W Chicago City Center
One of two Chicago properties in the hip W hotel chain (the other is the W Chicago Lakeshore), this is an oasis of cool in the button-down Loop. Unfortunately, the rooms tend toward the small and dark (most look out into a central courtyard). The W color scheme -- dark purple and gray -- doesn't do much to brighten the spaces; don't stay here if you crave lots of natural light. All W properties pride themselves on their "whatever, whenever" service: whatever you want, whenever you want it (the modern version of a 24-hr. on-call concierge). The bar, designed by nightlife wunderkind Rande Gerber (Mr. Cindy Crawford), gives hotel guests a stylish spot to sit and pose amid dance music and cocktail waitresses who look like models. Given its location, this W is foremost a business hotel -- although one that's definitely geared toward younger workers rather than crusty old executives.
Park Hyatt Chicago
For those in search of chic modern luxury, the Park Hyatt is the coolest hotel in town (as long as money is no object). The building occupies one of the most desirable spots on North Michigan Avenue and the best rooms are those that face east, overlooking the bustle of the Mag Mile and the lake in the distance.Luxury might be the watchword here, but the look is anything but stuffy: The lobby feels like a sleek modern art gallery.
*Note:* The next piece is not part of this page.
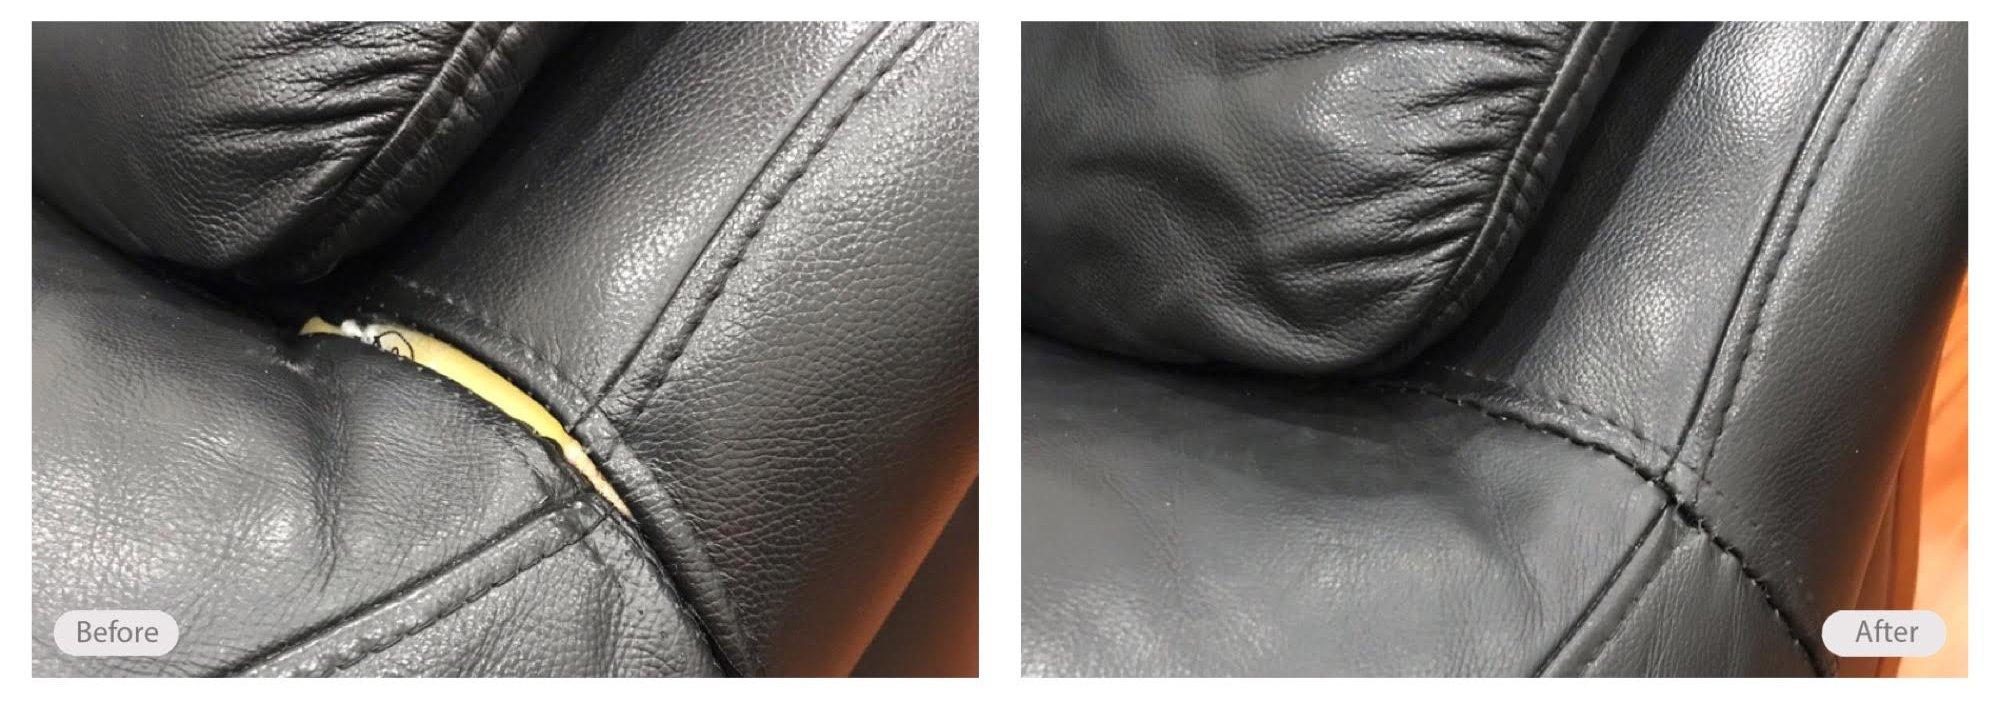 Light Upholstery Repair & Restoration Service

German painter Gerhard Richter's Piazza del Duomo Milan masterpiece is the visual centerpiece of the space, providing ample evidence of what visual treats lie in store for guests. Rooms feature Eames and Mies van der Rohe reproduction furniture and window banquettes with stunning city views (the windows actually open). The comfortable beds are well appointed with several plush pillows. While most hotels might provide a TV and VCR, this is the kind of place where you get a DVD player and flatscreen TV. The bathrooms are especially wonderful: Slide back the cherrywood wall for views of the city while you soak in the tub.NoMI, a restaurant nestled on the seventh floor overlooking Water Tower Square and the Museum of Contemporary Art, serves French-inspired cuisine and features an Architectural Digest-worthy interior by New York-based designer Tony Chi; the place has gotten stellar reviews, but be prepared for fairly small portions at expense-account prices.